RACHEL PLEFGER
Love-Hate
source:rachelpflegercom
Rachel Pfleger is a freelance Senior Graphic Designer with an established career in book design since 2000. She has developped a number of high-quality books across all areas of visual creativity. She has collaborated directly with many clients such as artists, architects, designers, scholars on monographs and illustrated reference titles mostly in the field of art and architecture but also photography, design and popular culture. During her 12 years at Black Dog Publishing as Senior Graphic Designer, she has designed over 80 books.
Rachel’s design training introduced her to disparate and far-reaching design applications. Following her graduation she focused independently on graphic aspects and therefore considers herself to be more of a self-made graphic designer.

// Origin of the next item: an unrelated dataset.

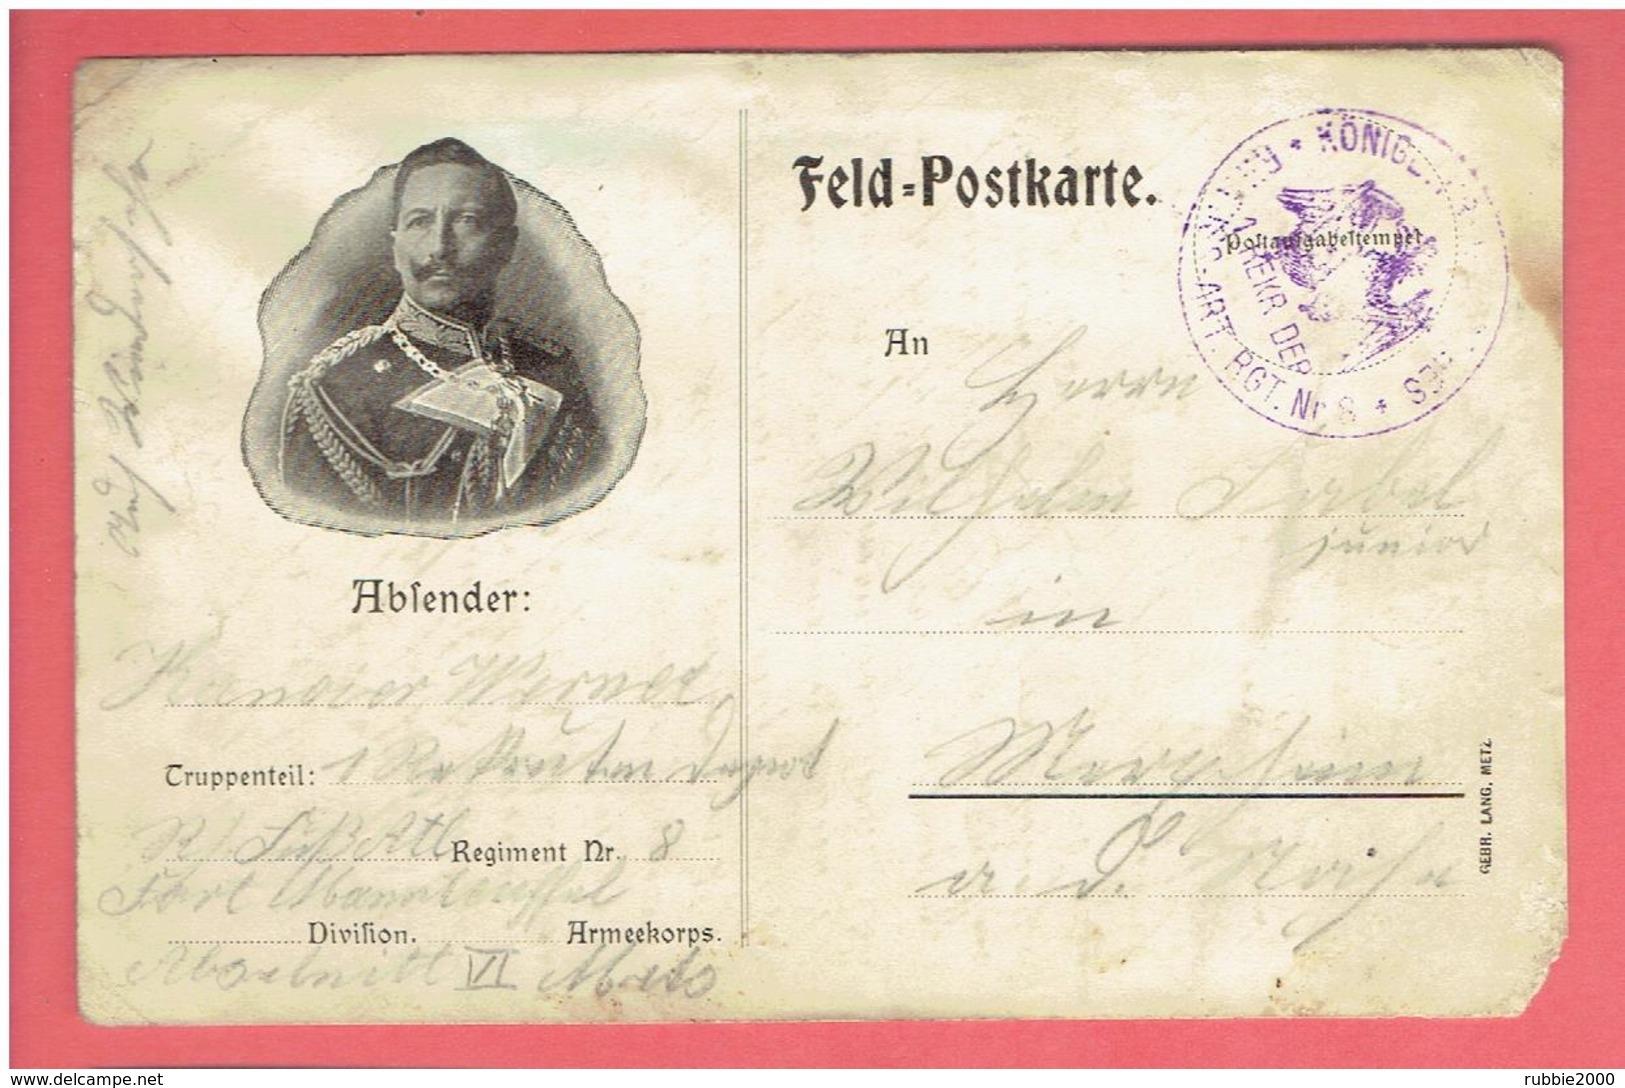 CARTE POSTALE MILITAIRE ALLEMANDE AVEC PORTRAIT DE L EMPEREUR GUILLAUME II DEUTSCHER KAISER WILHELM II WWI 1914 1918 - Guerre 1914-18

She finds constant inspiration in the world around her, whether it be through music, art, popular culture or design. Her unprejudiced cultural enthusiasm acts as an underlying drive both in her life and work. Indeed, graphic design is both the tip of the iceberg and the umbrella under which everything comes together. It is a practice Rachel discovered slowly and matured for years, before realising it was the ideal interface through which to express her varied aesthetic and creative baggage.

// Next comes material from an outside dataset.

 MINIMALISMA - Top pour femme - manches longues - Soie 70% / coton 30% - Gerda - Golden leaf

She has come a long way since her childhood experiments in designing tape jackets and collecting bits and bobs, postcards, found images, magazine cut-outs and lettering Letraset transfers (not that that she has lost the habit…). From her early predilection for sciences, at the age of 16, Rachel went on to discover acting and opted for an artistic curriculum instead. Her Philosophy and Fine Arts Baccalauréat led to a two-year BTS in applied arts (Higher National Diploma) in Lille, and later a Master degree in advanced design studies from Ensci-Les Ateliers in Paris (only French national Institute exclusively devoted to advanced studies in design), which she obtained in 2000. Graphic design was a revelation she stumbled upon during her time at Ensci, when she became involved in a six-month workshop aimed at devising a visual identity and brochure for the school. Winning the contest brief earned Rachel her first professional graphic design experience working with Laurent Ungerer’s Paris-based studio c-album where she completed the designs for Ensci’s brochure and worked on various projects including one for the Centre Pompidou’s exhibition L’Art de l’Ingénieur, the museum’s last major show before a two-year closure and refurbishment.

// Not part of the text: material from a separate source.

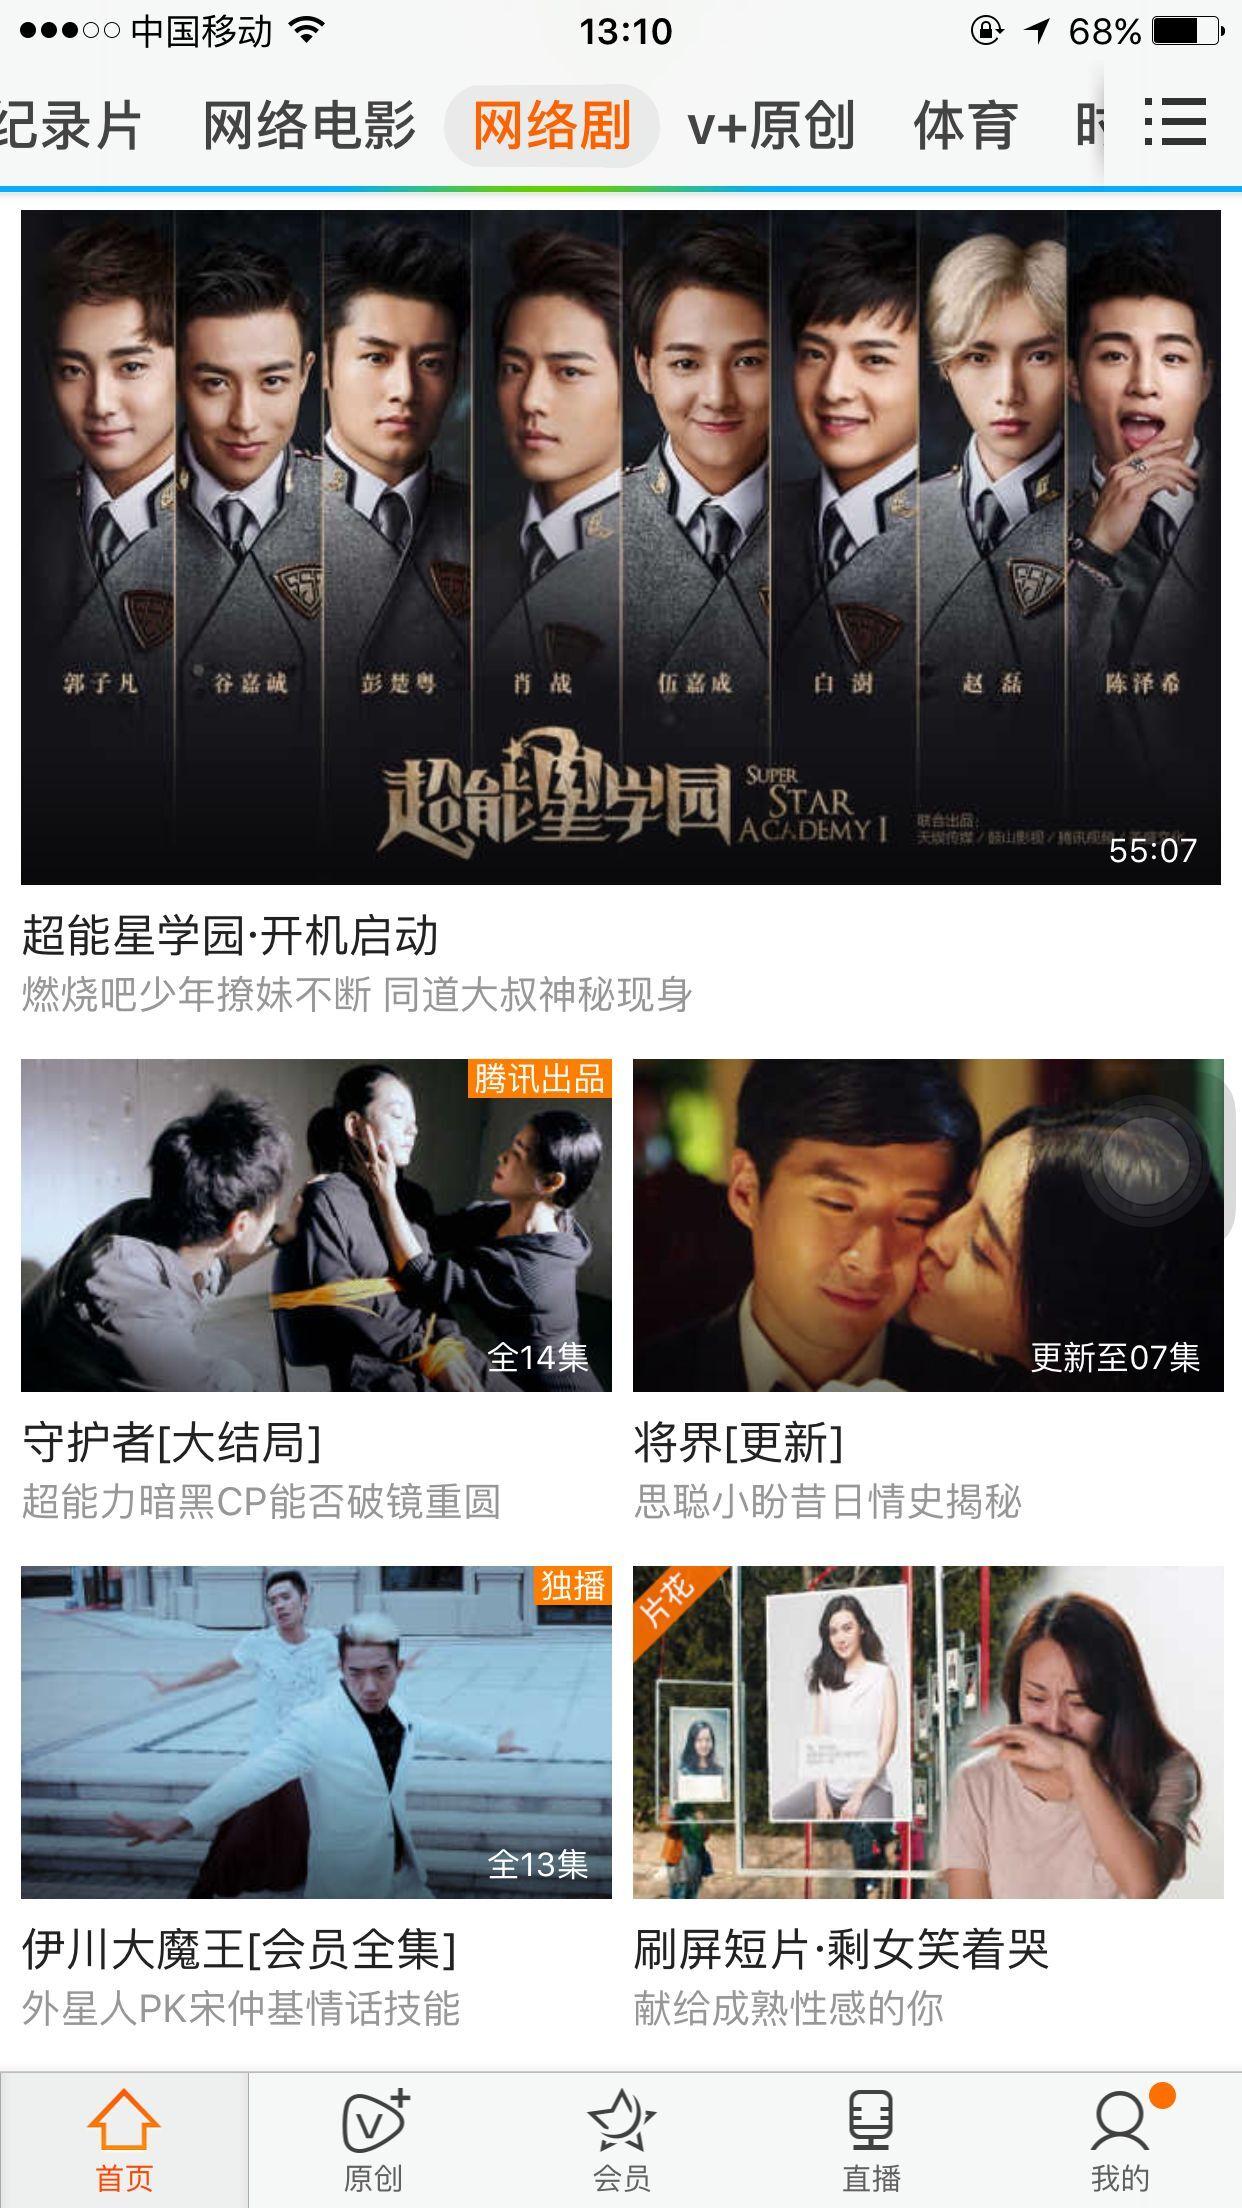 将界07 腾讯app网络剧频道

Rachel’s approach to design is underpinned by an attempt to evoke rather than emulate. To achieve this, she seeks to arrive at the archetype of her subject matter in order to refine an essential design. She stays away from banal referencing and therefore avoids caricature in her own work.
In the recent years, Rachel’s work has focussed on book design. She has developed a number of successful artists’ books as well as worked with architects, designers and scholars on monographs and illustrated reference titles. Books remain her major interest, although she is well versed in exhibition layout and signage, as well as brochure, invitation and identity development. (Adriana Caneva, 2012)
1000 produced/ Ambigram design for a tee-shirt as a calligraphic design that manages to squeeze two different readings into the selfsame set of curves, ‘Hate’ transforms into ‘Love’ when seen in a mirror and vice versa.